Koy ’20 Acquires New Perspectives Of Healthcare In Cambodia

Sopheara Koy ’20

Sopheara Koy ’20 — Among human rights, the right to life is regarded as one of the most fundamental rights that every human automatically inherited. Sadly enough, this right is continuously bombarded by various health issues presented within different parts of the world. For decades, Cambodia has been pounded by a copious amount of healthcare crises that have led to terrible consequences such as high mortality rate and low life expectancy to name a few. The health issues concerning this country have channeled my desire to become one of its future healthcare resources.

Within the summer of 2019, I was given a fantastic opportunity of interning at Angkor Hospital for Children (AHC) and its microbiology research unit (COMRU). AHC is a children’s hospital located within the center of Siem Reap province in Cambodia. It was first established in 1999 by a renowned Japanese photographer, and since then, this non-profit pediatric facility is running through national and international donations. I was very enthusiastic about having my 2019 summer internship placed within a hospital where I used to be one of its patients back during the early 2000s. I would like to give my greatest thanks to the funding provided by the Dill Fund program for making this opportunity possible.

The internship at AHC had provided me a unique set of healthcare experiences within the realm of medical research and clinical processing. I have received numerous clinical experiences by working closely with doctors stationed in different departments of the hospital. Such experiences include shadowing the doctors in different wards which include Inpatient Department (IPD), Outpatient Department (OPD), Intensive Care Unit (ICU), Emergency Room (ER), and Neonatal Intensive Care Unit (NICU). Within each department, I have observed closely the way in which doctors determined diagnoses of diseases through verbal and physical examinations with patients. In addition to observations, I also had a chance to chat with doctors about the underlying principles of the diseases as well as discussing the overall medical and health status of patients through examination over medication history and other relevant recorded vital signs. For instance, we scrutinized over the type of antibiotic used with patients while being critical about the excessive use of an antibiotic like Meropenem.

Meanwhile, the most rewarding experience perhaps came from another type of clinical activity that I participated in along with medical residencies in IPD, ICU/ER, and NICU. This aspect of clinical experience was comprised of critical education that a health practitioner should have regarding clinical and laboratory processes of making the right diagnoses from briefing over medical status to prescribing drugs. These medical board rounds gave me a holistic outlook on how doctors tackle health issues in addition to the psychology of treating patients.
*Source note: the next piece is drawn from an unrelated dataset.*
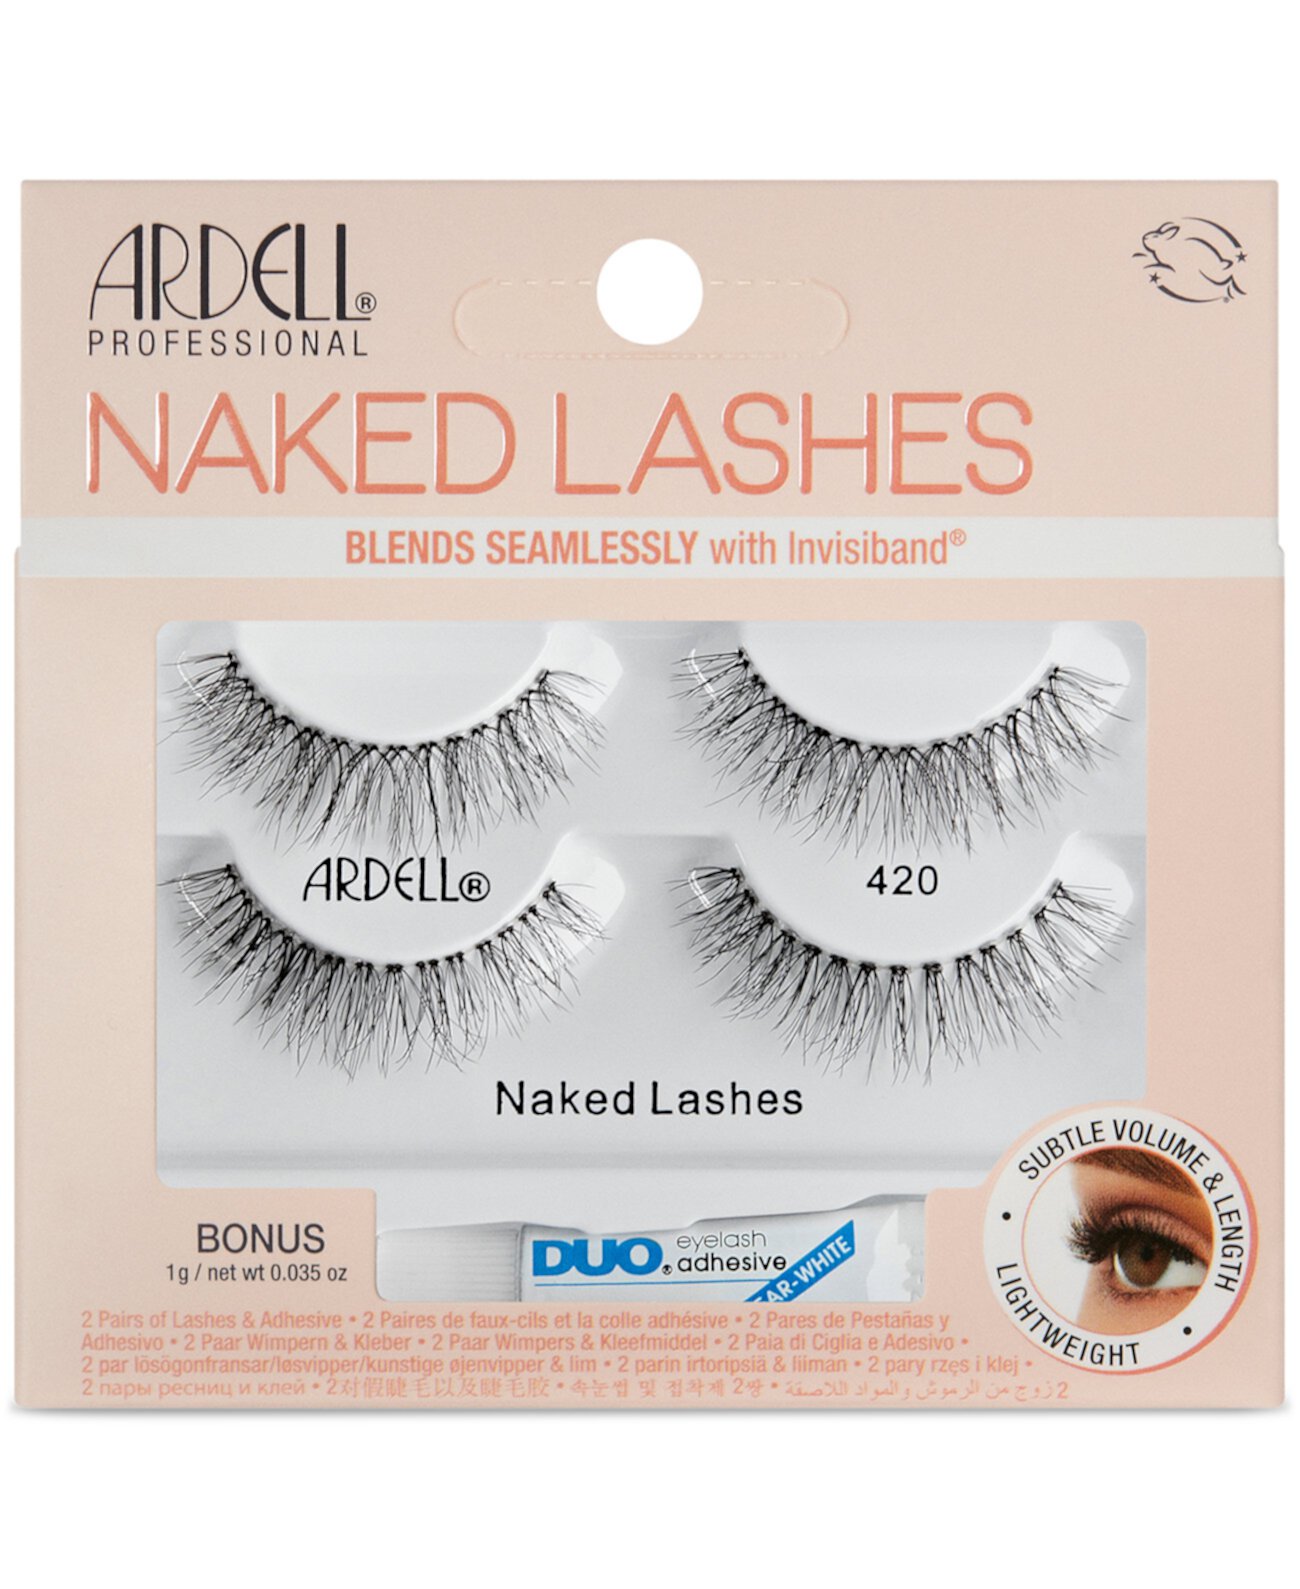 Naked Lashes #420 - 2 Pairs ARDELL

Asides from clinical exposure, I was also involved with the microbiology medical lab unit that performed extensive research such as testing and identifying the key pathogens responsible for causing different health issue cases. As a team, I got a few hands-on experiences in identifying the names of the several bacteria and fungi of different diseases through blood culturing, stools, and so on. Each day, the results were then communicated through afternoon board rounds presented by lab technicians to a group of doctors. The discussion taught me the importance of communication in the science of treating healthcare issues.
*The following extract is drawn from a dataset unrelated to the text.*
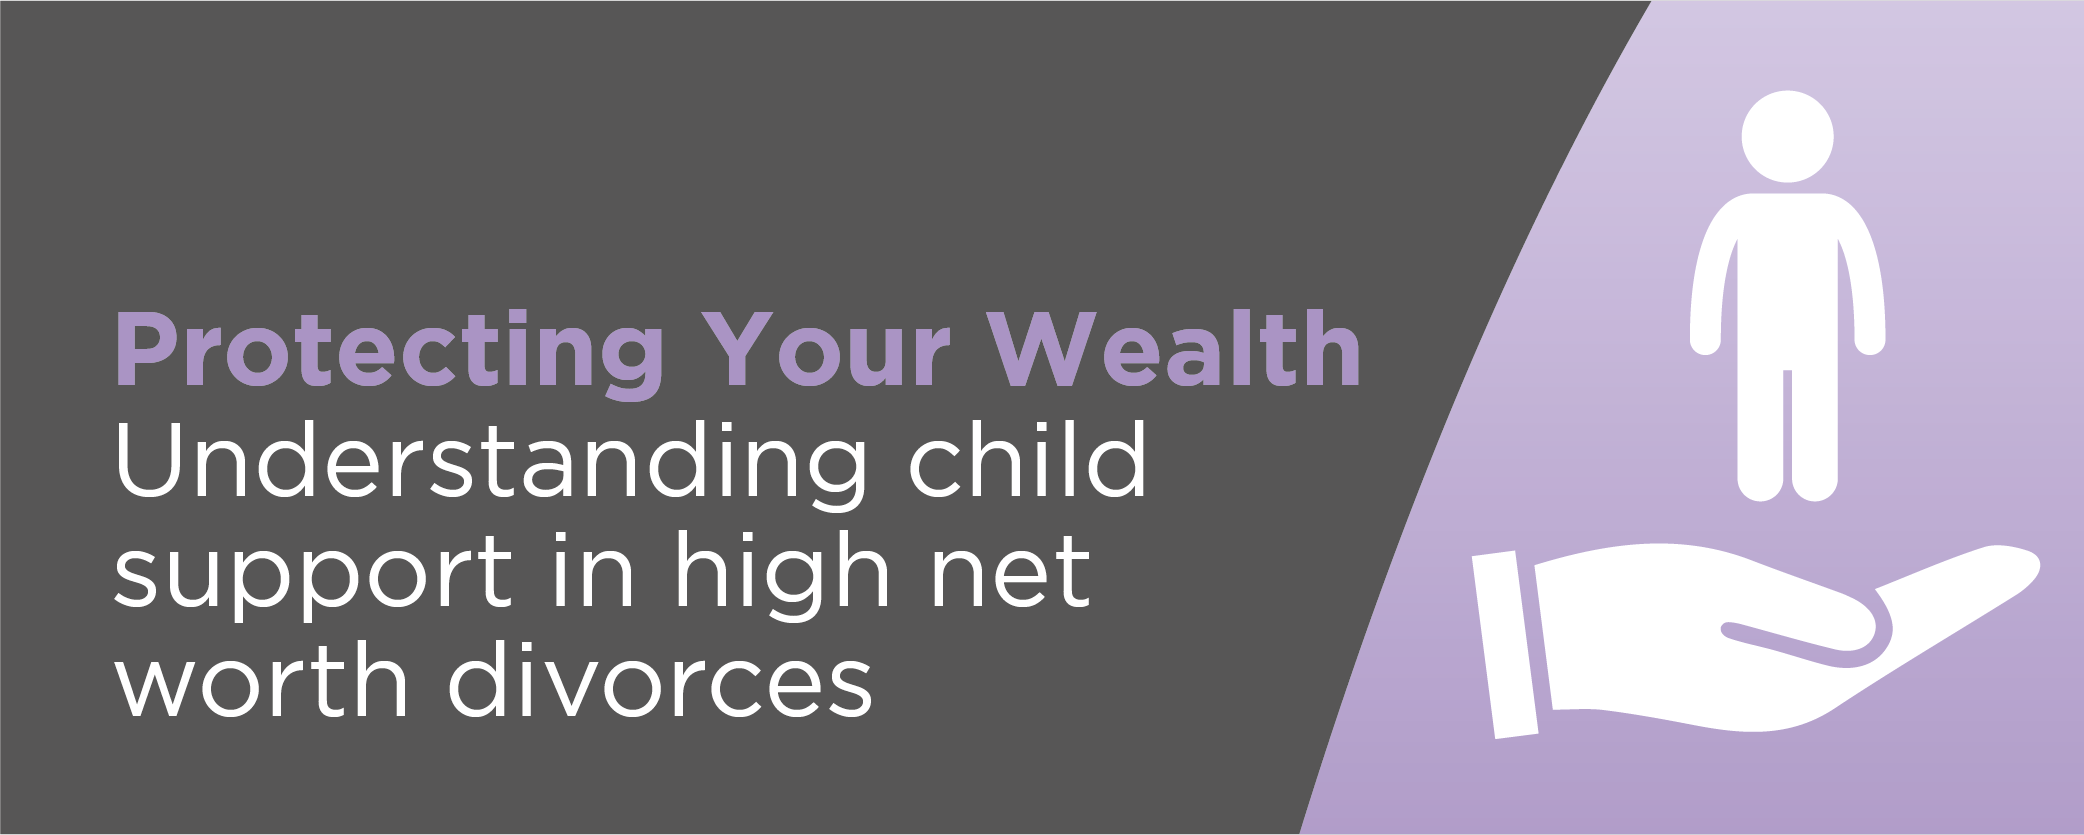 Protecting Your Wealth: Understanding child support in high net worth divorces

From clinical and medical lab involvement, the summer internship with AHC has provided me with countless clinical experiences as a healthcare provider. In a bigger picture, the experiences gave me a deeper view of the healthcare situation in one of the poorest countries in the world. Although these point of views are taken from witnessing the clinical and healthcare status of only a tiny part of the population, they continue to add more inspiration, passion, and give me a chance to truly comprehend the need of a good healthcare service in a place where I hope that one day, I could be one of its effective human resources.